▶ _GIVEN INFORMATION_:
***

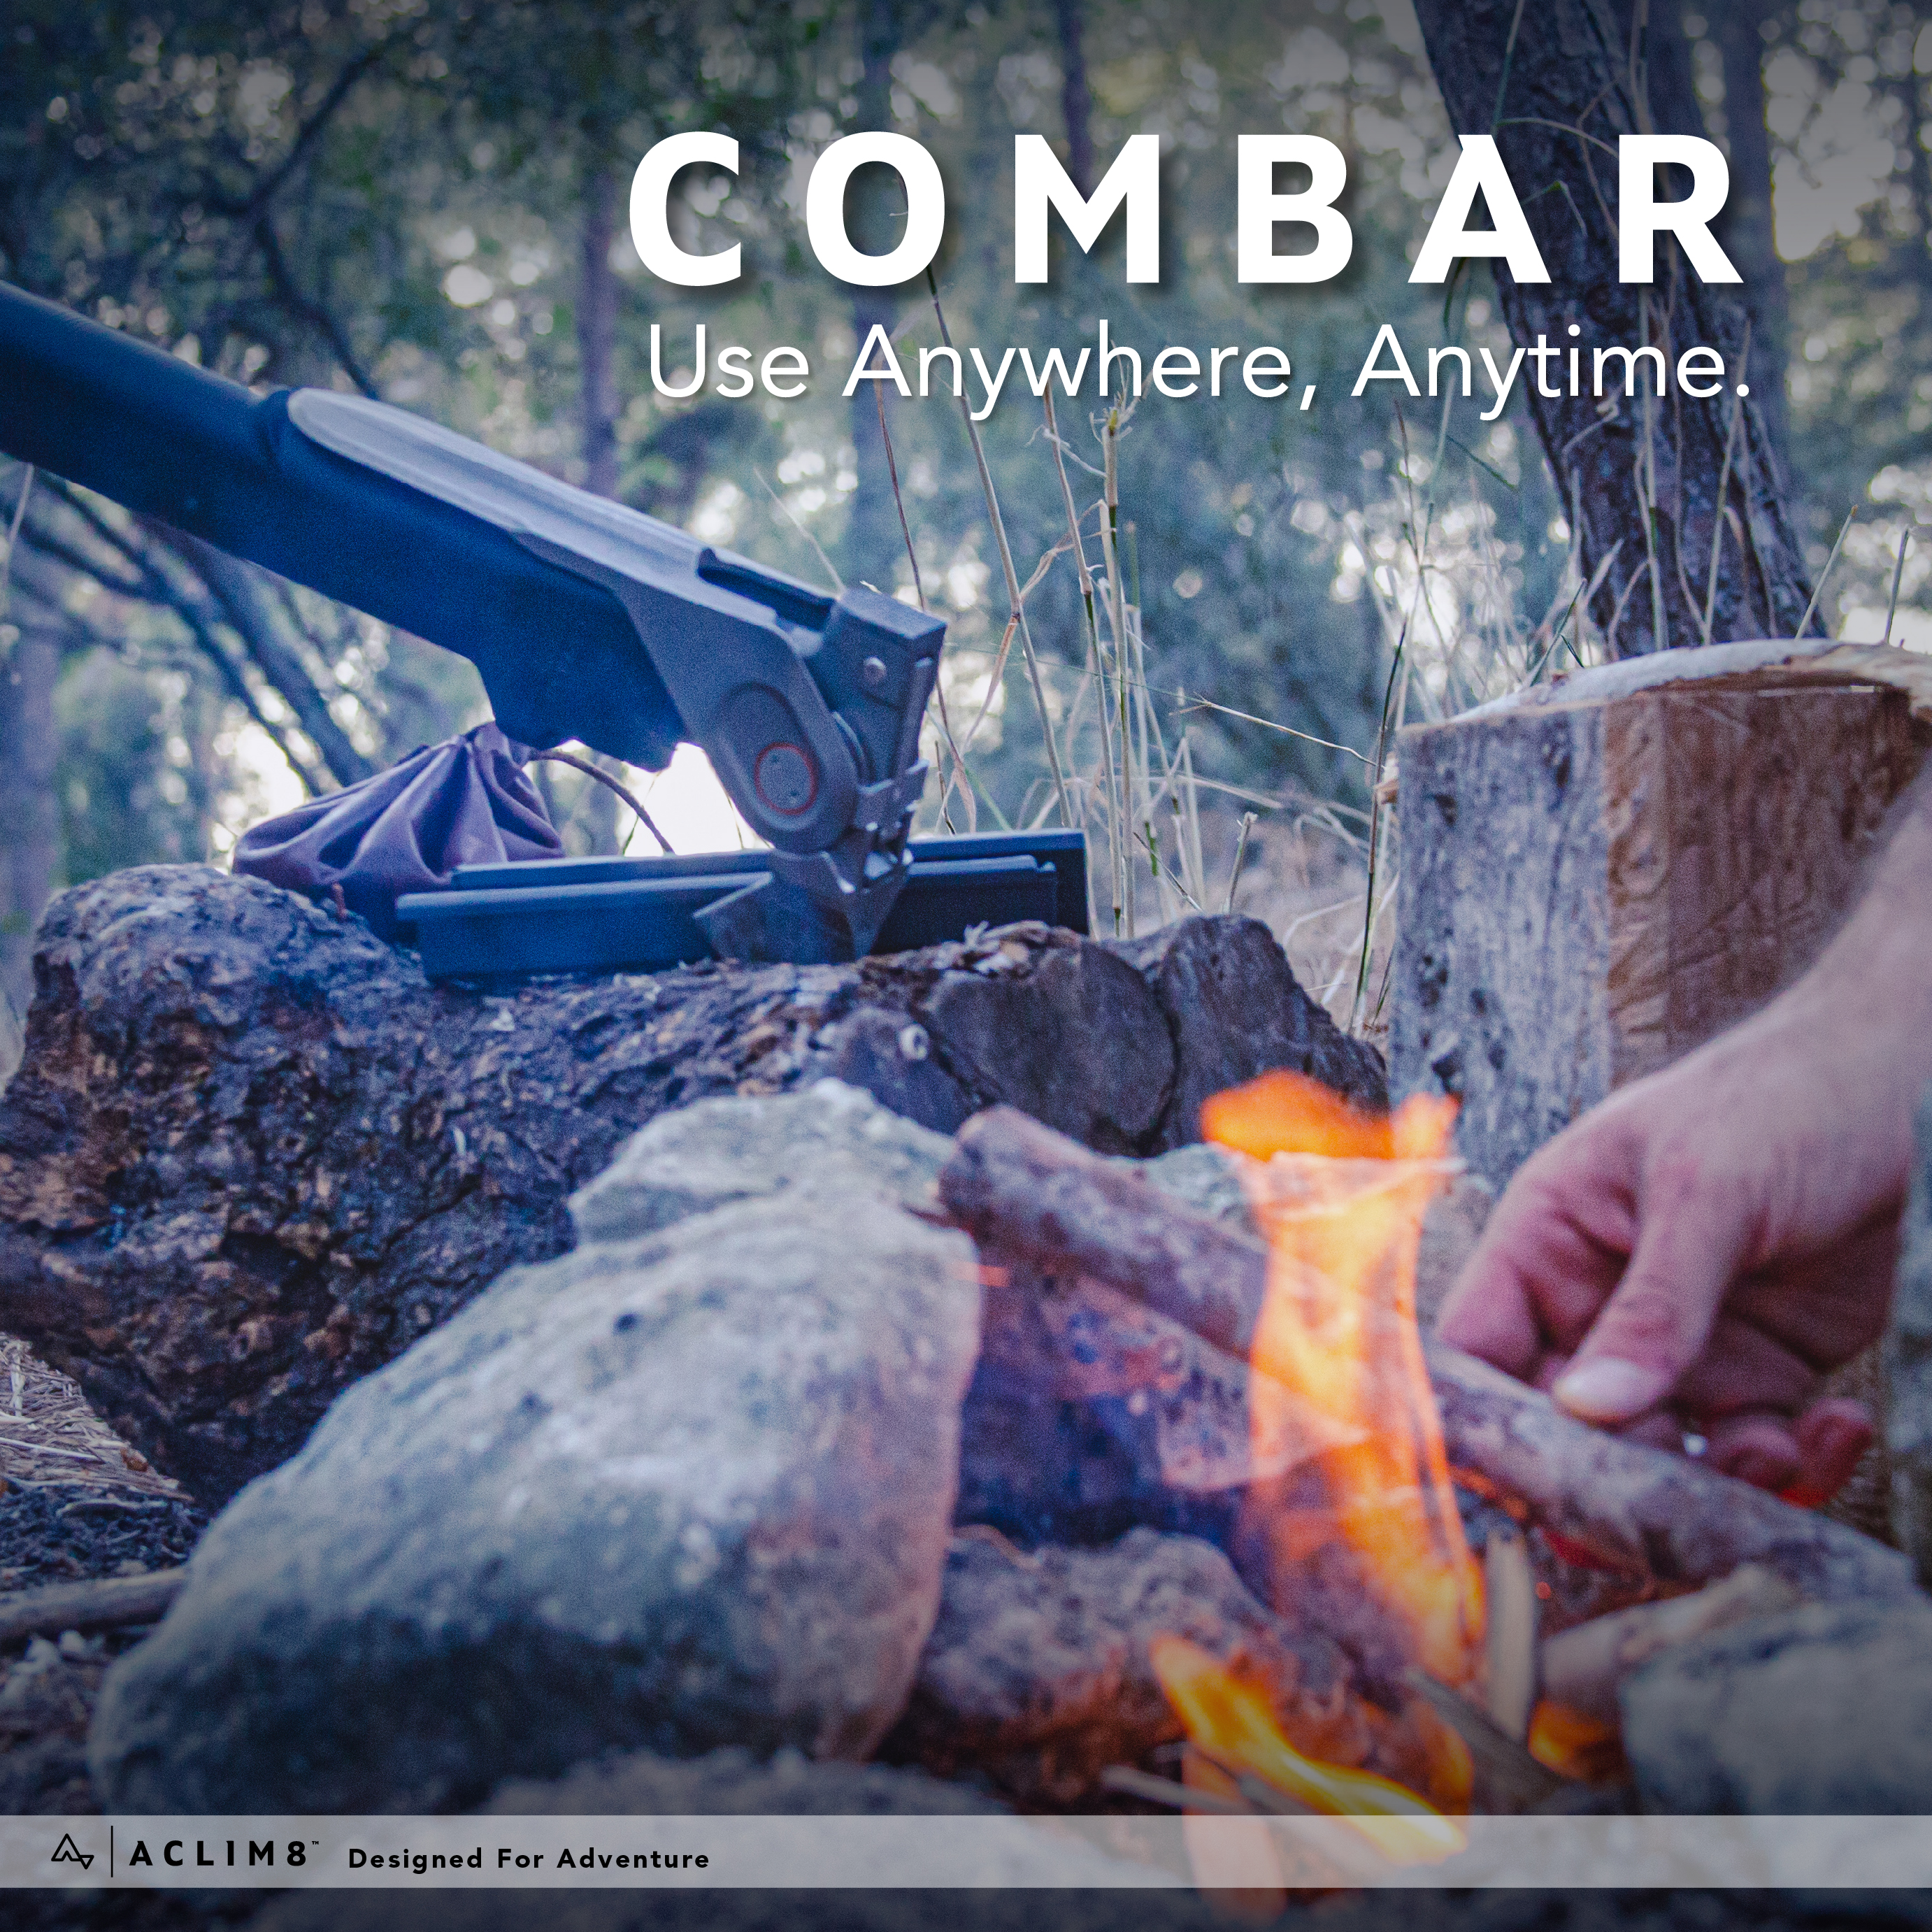 COMBAR - All-In-One Survival Tool
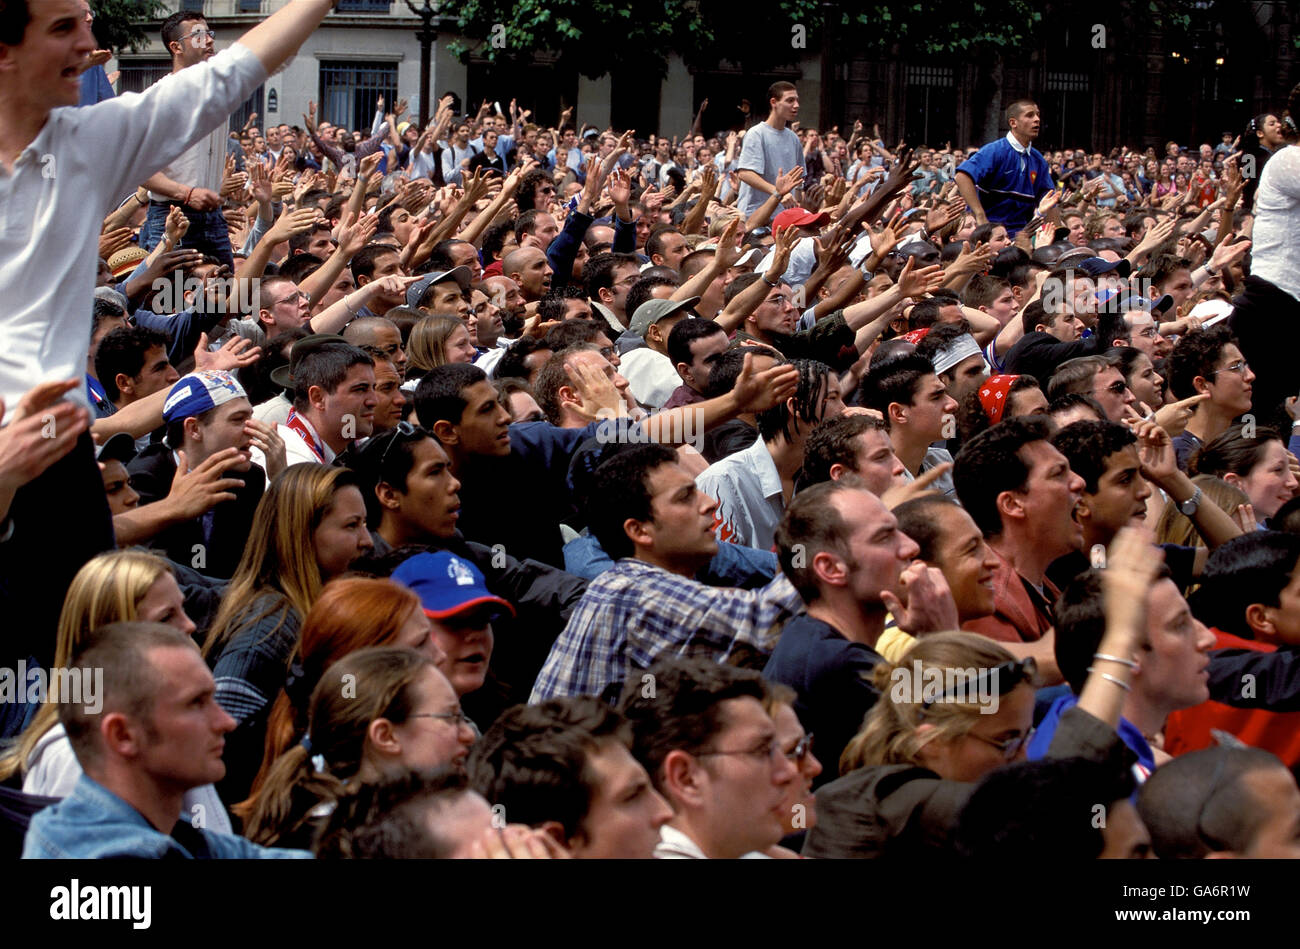 Crowd of fans gesture as they watch French national soccer team game on giant screen, Place de l'Hotel de Ville, Paris, France, June 2002. Stock Photo
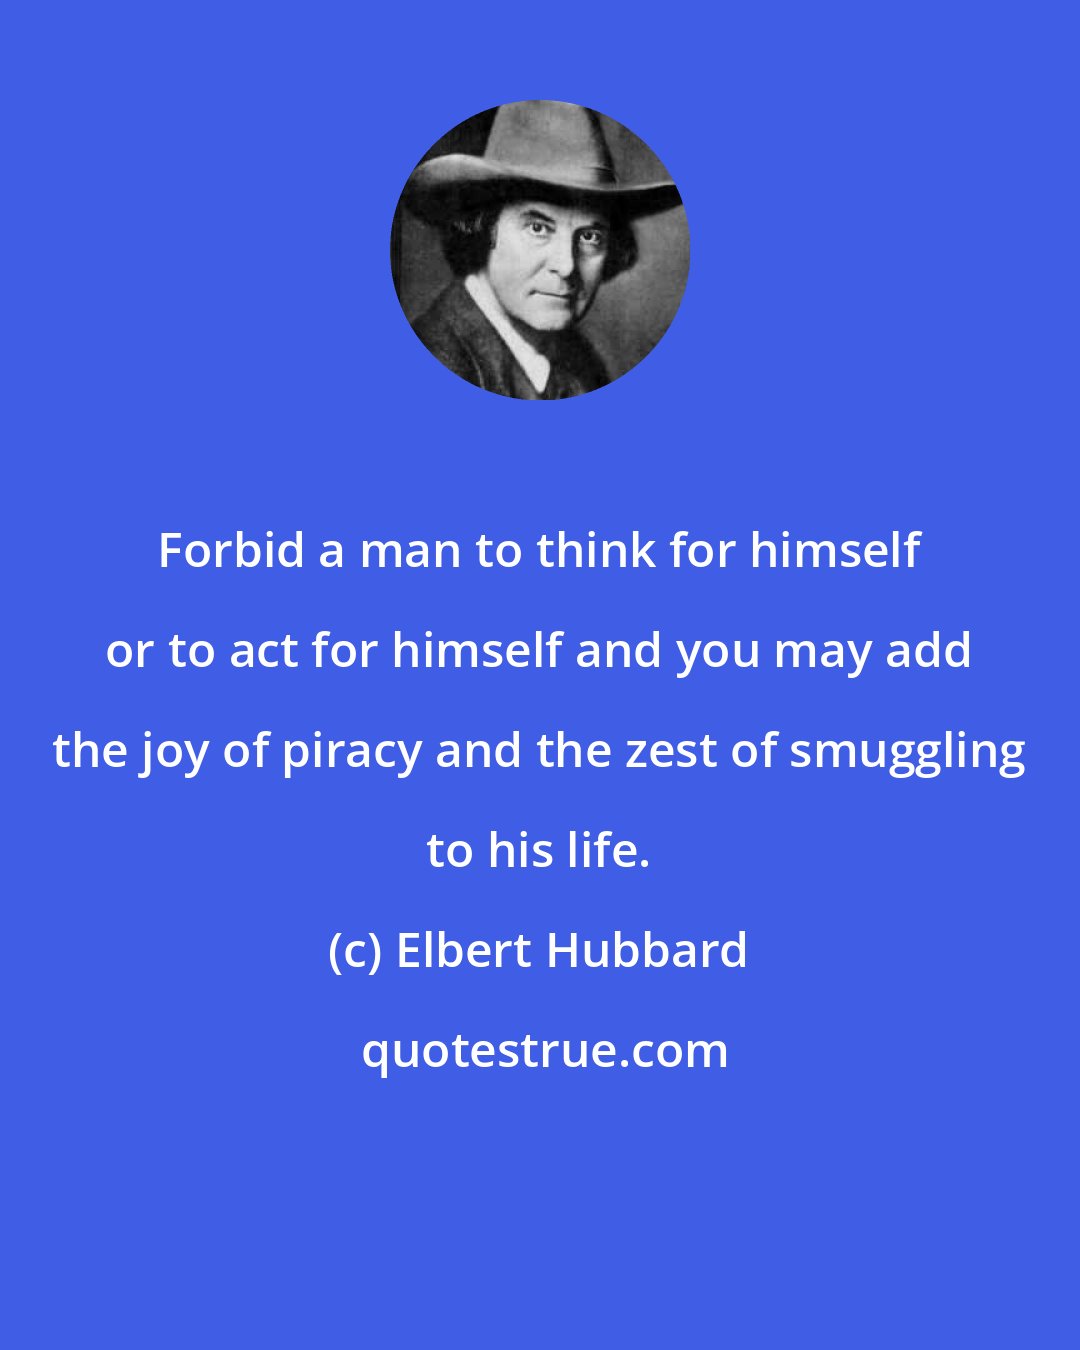 Elbert Hubbard: Forbid a man to think for himself or to act for himself and you may add the joy of piracy and the zest of smuggling to his life.

***

▶ _PROBLEM REQUIREMENTS_:
Repeat the listing in full and exactly. Do not include any images.

▶ _ANSWER SECTION_:
 COMBAR - All-In-One Survival Tool
 Crowd of fans gesture as they watch French national soccer team game on giant screen, Place de l'Hotel de Ville, Paris, France, June 2002. Stock Photo
 Elbert Hubbard: Forbid a man to think for himself or to act for himself and you may add the joy of piracy and the zest of smuggling to his life.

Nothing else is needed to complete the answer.